== EXERCISE OBJECTIVE ==
Leaving out the images, repeat all the lines below exactly.

== GIVEN DATA ==
......

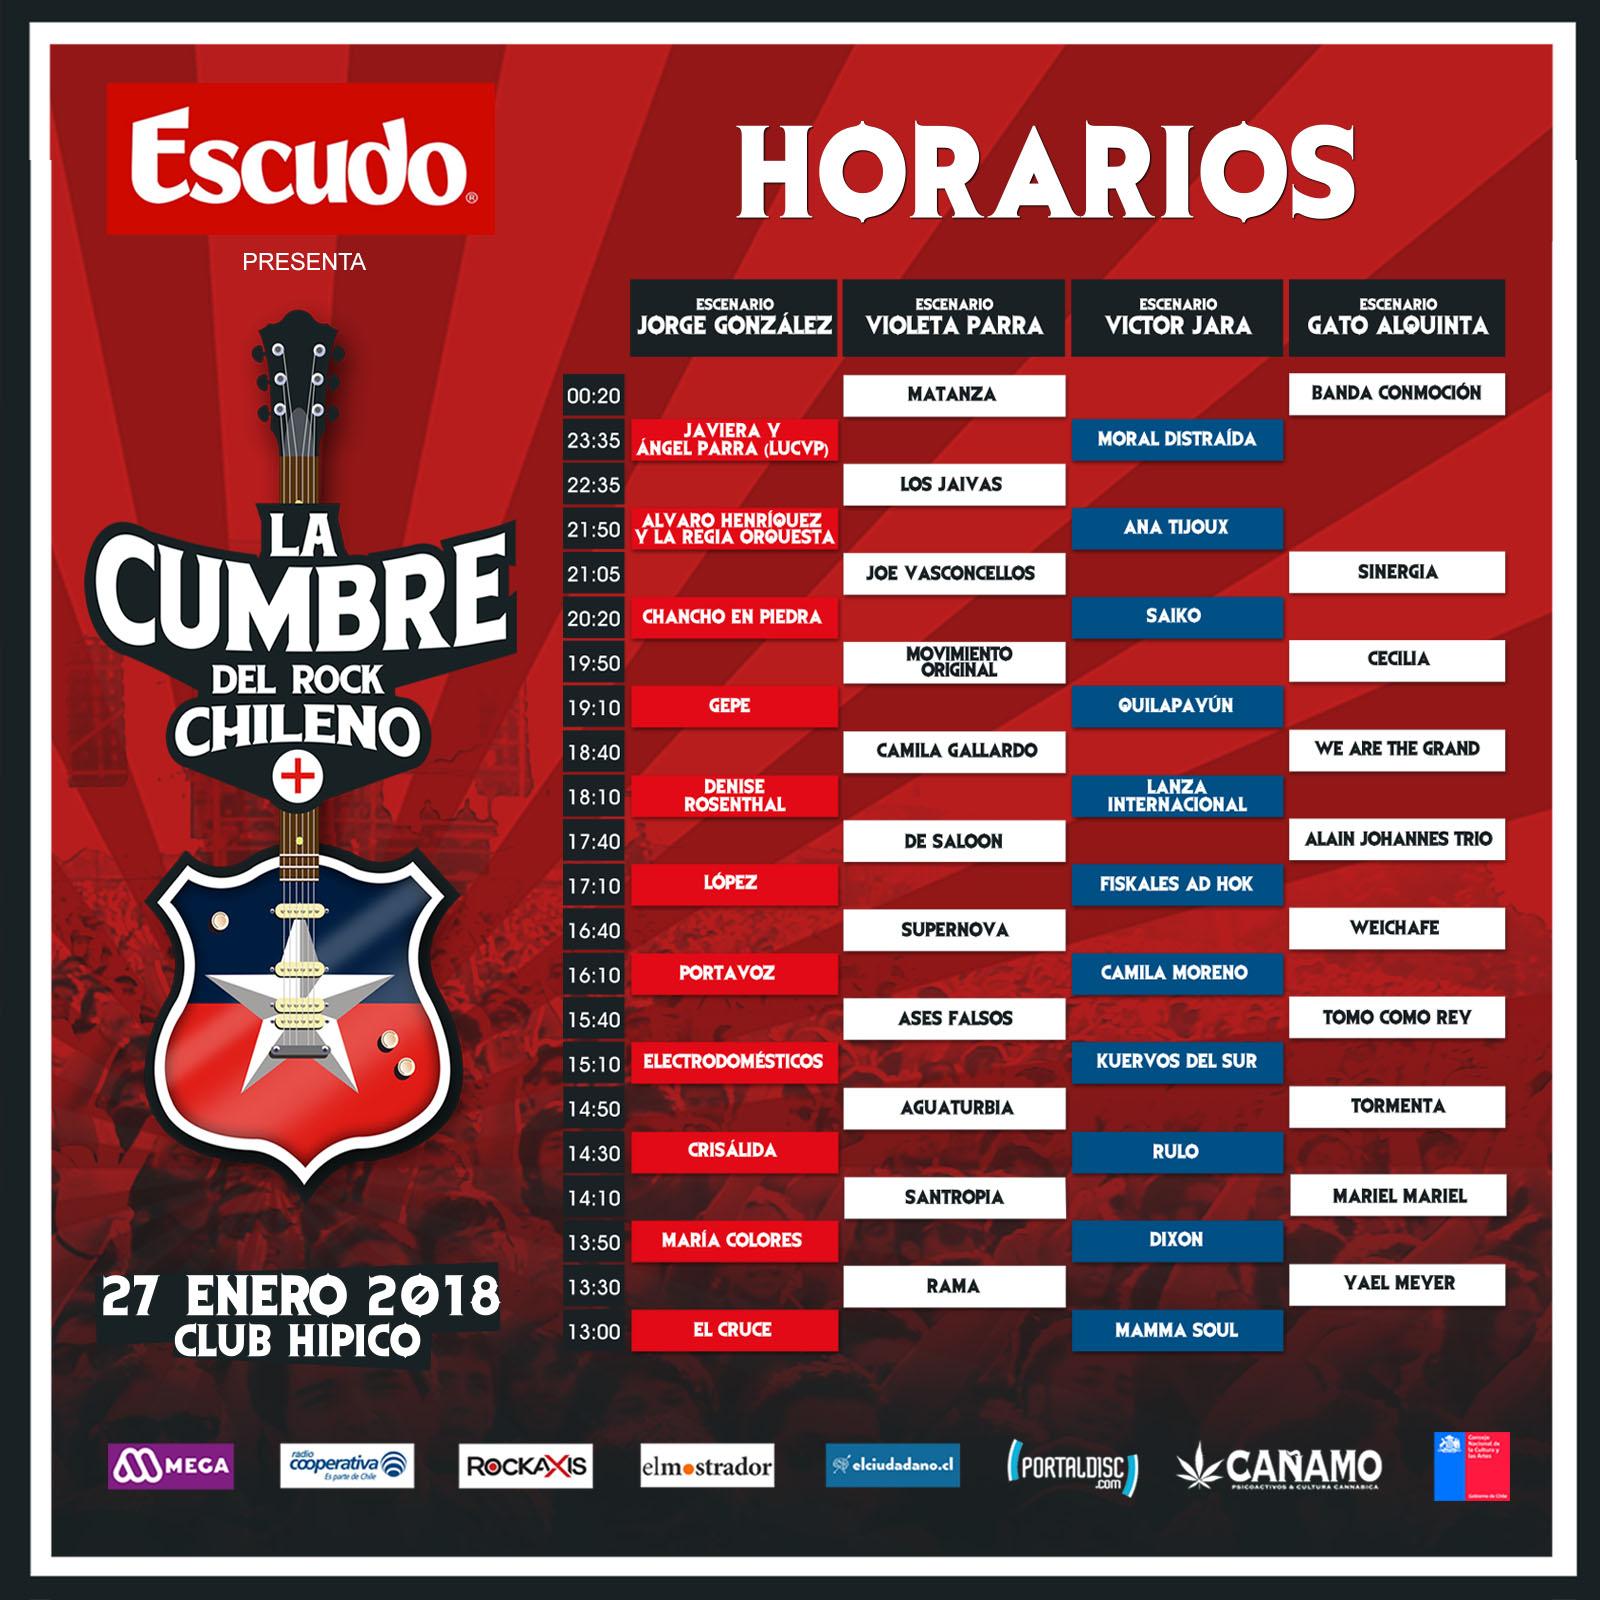 La Cumbre del Rock Chileno confirmó los horarios de su quinta edición
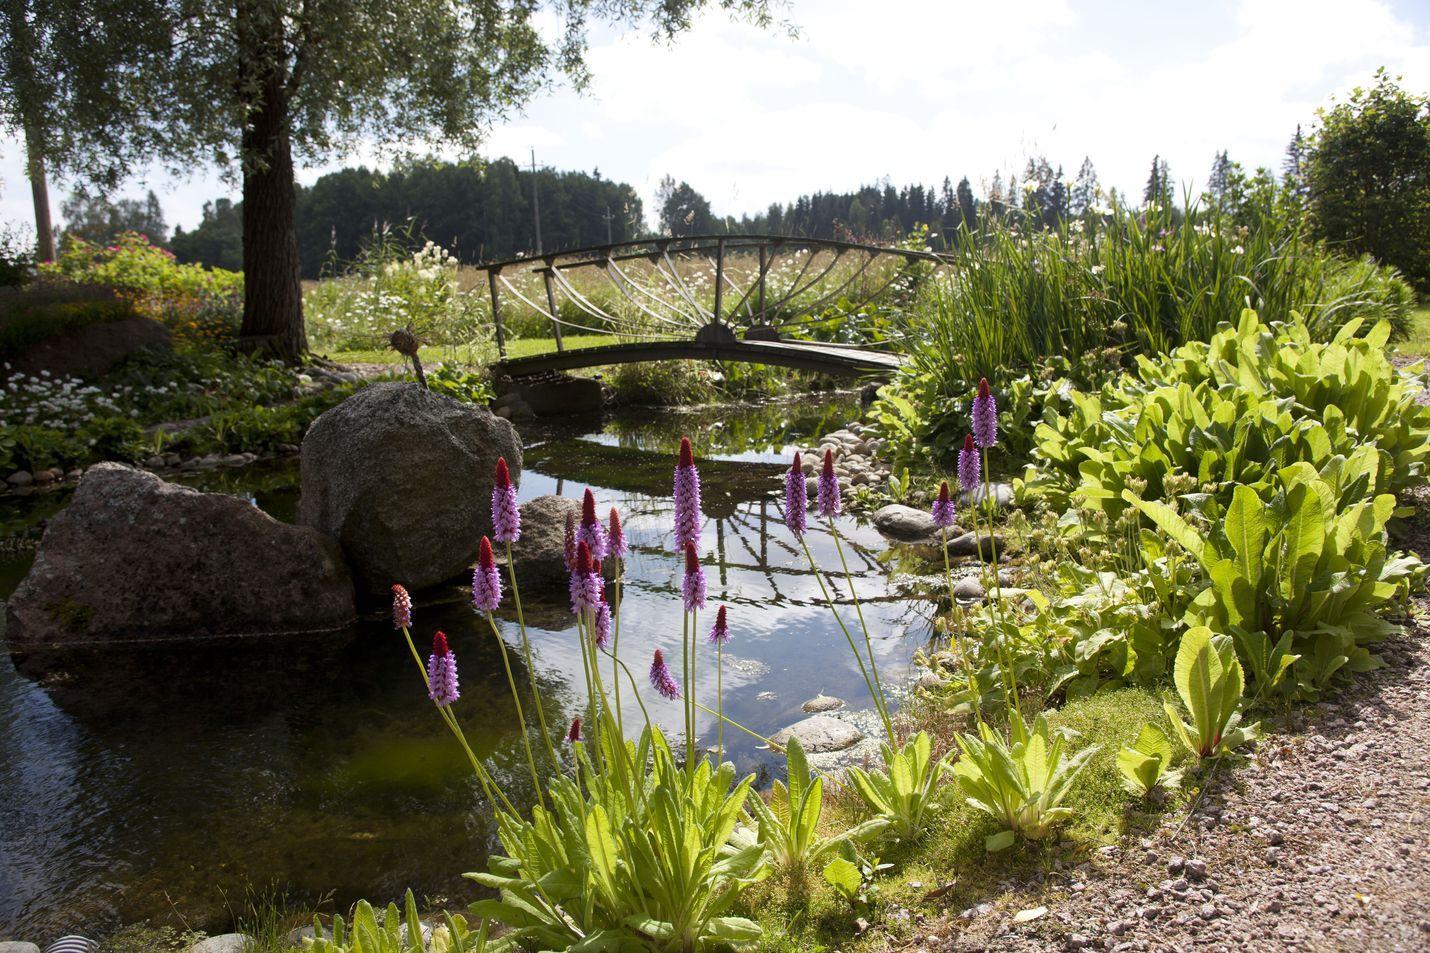 Avoimet puutarhat -tapahtuma järjestetään jo neljättä kertaa. Kuva: Puutarhaliitto
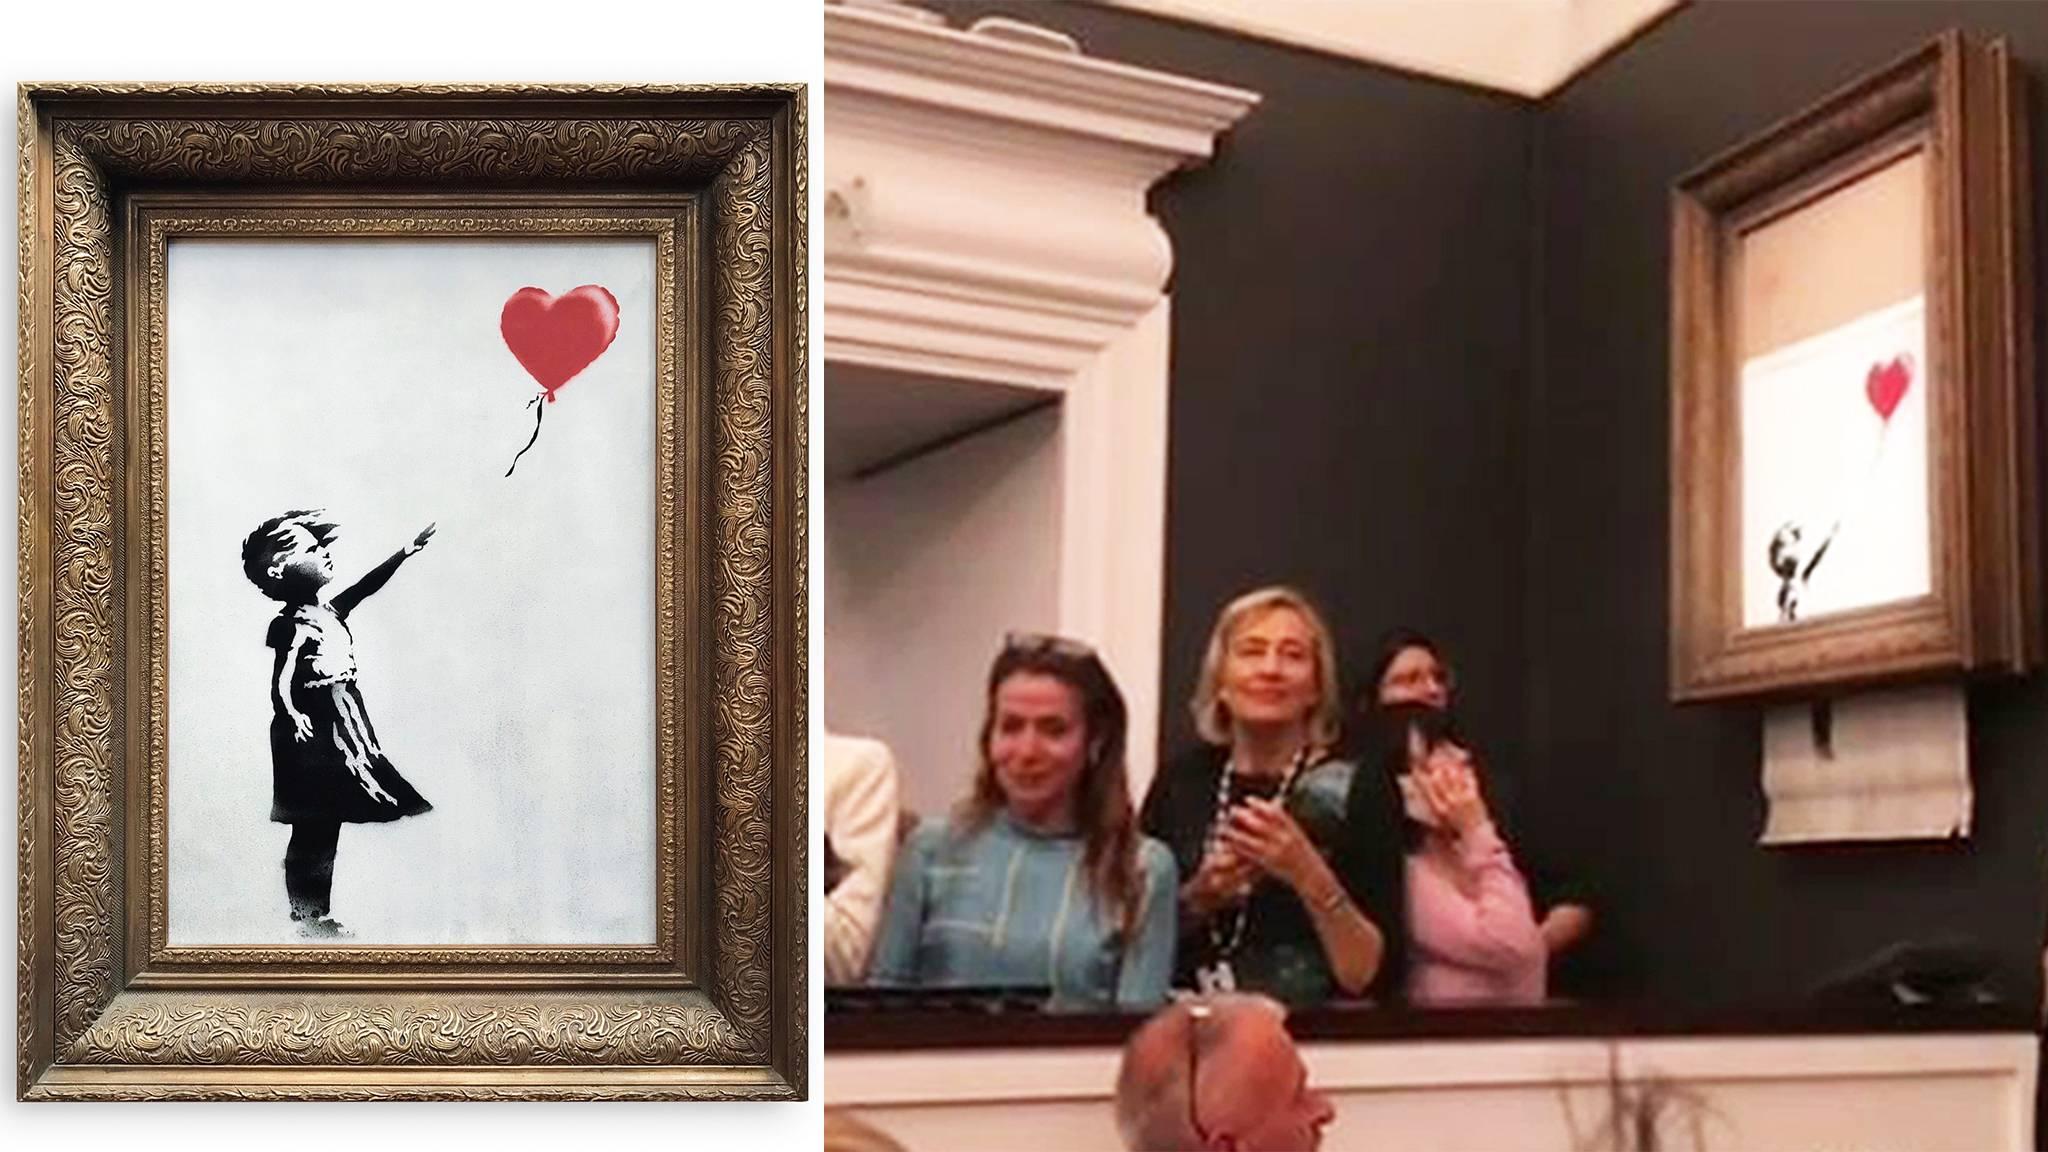 259e658fdb666f Sotheby s  Banksy-Bild schreddert sich nach Auktion selbst – Künstler  meldet sich zu Wort

......

== EXERCISE RESPONSE ==
 La Cumbre del Rock Chileno confirmó los horarios de su quinta edición
 Avoimet puutarhat -tapahtuma järjestetään jo neljättä kertaa. Kuva: Puutarhaliitto
 259e658fdb666f Sotheby s  Banksy-Bild schreddert sich nach Auktion selbst – Künstler  meldet sich zu Wort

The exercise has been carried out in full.